Text by Andreas Schleagel

Personal Cloud

TS ECHOES 6.jpg
 
 

By Andreas Schleagel


A dwarf of little more than two feet, a giant elephant, Siamese twins, a pseudo-microcephalic fiddle player, a mummified mermaid - the most famous circus of the world was best known for its spectacular displays of monstrosities. After all it was the „biggest show on earth“ as its most prolific American protagonist of the circus, P. T. Barnum, billed his gigantic mobile extravaganza. Yet the success of this enterprise, bridging the artistic and entrepreneurial, had a powerful influence on our society today, mainly by effecting the development of the entertainment industries.
When contemporary art these days is discussed publicly, it is often along the lines of the spectacular, the price being one of the key factors. Gigantic numbers appear, toppling records, putting forth a rationality that states the obvious, that visual arts are currently in the process of being sucked into the much larger and exploitation-oriented concept of an entertainment industry, that is hungry for ever greater spectacles.
In this context, by taking on processes, that border on the invisible and making them transparent, while working with phenomena that in their very essence are ephemeral and commonplace, Sandegård achieves a paradoxical success in making a show out of what appears to be nothing at all. But is it really?
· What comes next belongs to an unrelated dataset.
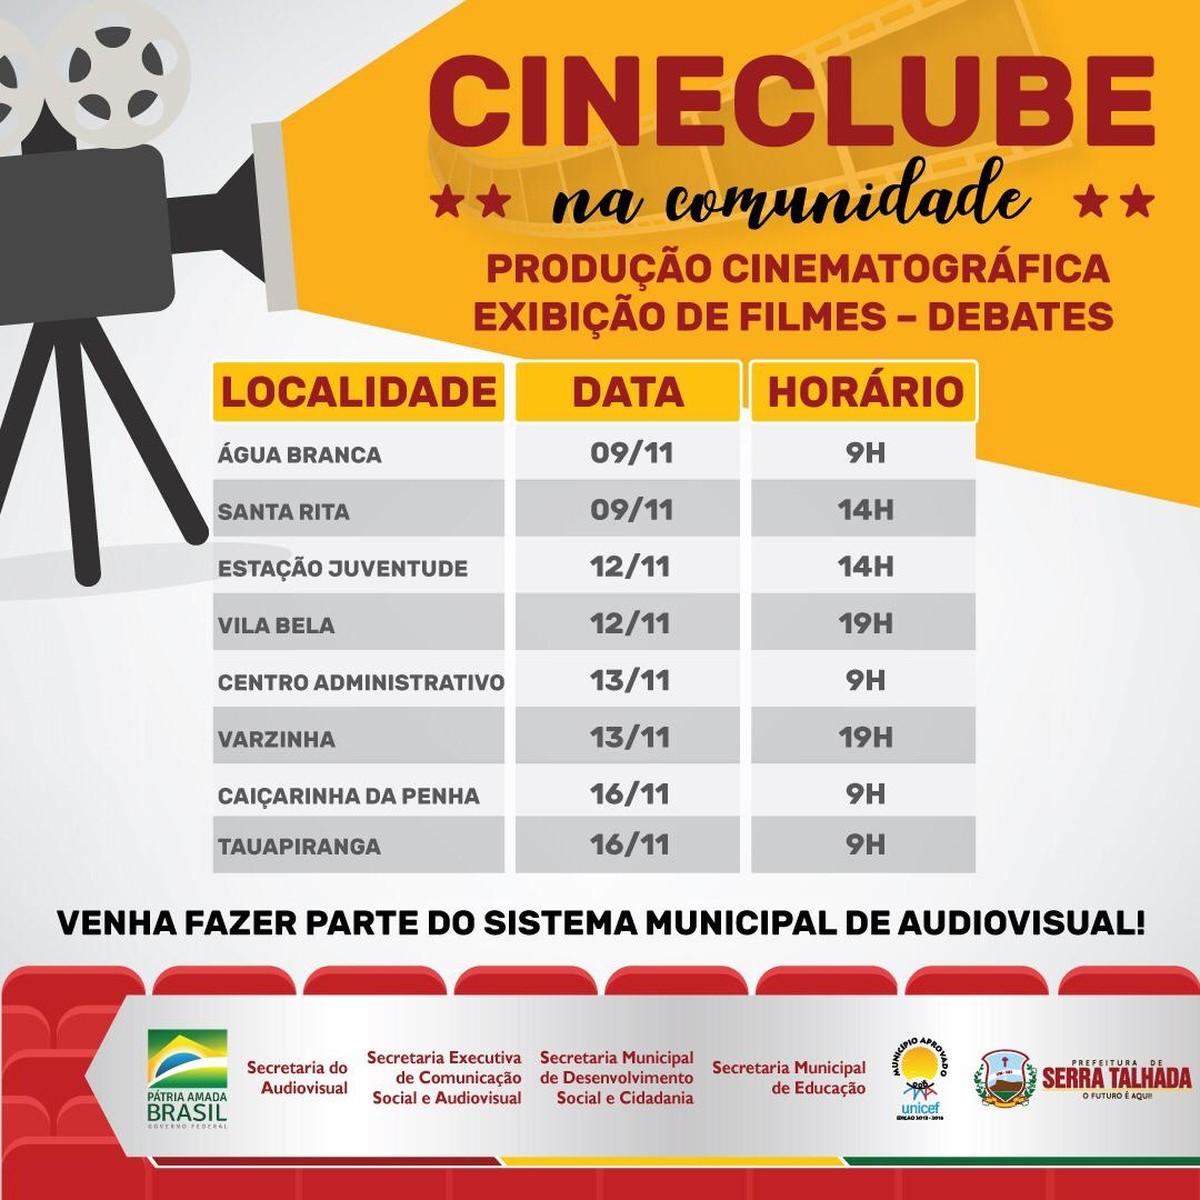 Prefeitura de Serra Talhada promove projeto 'Cineclube na Comunidade' - G1

The protagonists of his work seem to manifest themselves out of nothing: forms made of ice appear on a wall, as if out of the blue. The shapes of these fields of ice appear to mimic the forms of islands, like the tiny atolls in the pacific ocean, that are slowly disappearing from the face of the earth, due to the oceans‘ slowly rising water levels, that again are a direct effect of the climate disaster, commonly referred to in the euphemist terms of a mere climate change.
Sandegård‘s art draws one part of its magic from making invisible things visible, like the movements of miniscule particles of dust that float about, hovering in mid-air. In his work this dust doesn‘t appear directly in front of our eyes, but on a computer screen, their appearance is mediated, in a sense they are televised (in a way the revolution will not be, as we all know). These specks of dust are only one fraction of the key players in the bizarre theatre of the artist, who are the others, Sandegård‘s siamese twins, pinheads and giant elephants, so to speak, and what is the show is about?


No Sweat

The colloquial expression implies things will be all right, casually linking two most obviously disparate issues - problems and bodily functions.
Sweat may be discomforting, but it‘s essential. While one can consciously control many essential bodily functions, such as breathing, it is impossible to subdue sweating. Whether its heat, nervousness or nausea: without mercy, or at least regard for your social ambitions, your hypothalamus will send signals to your sweat glands, that are distributed over the entire surface of your body. And presto: there you go producing the substance that at once cools, and thereby stains shirts at the armpits and leaves glistening beads on your forehead, revealing just how hot - or uncool you really are.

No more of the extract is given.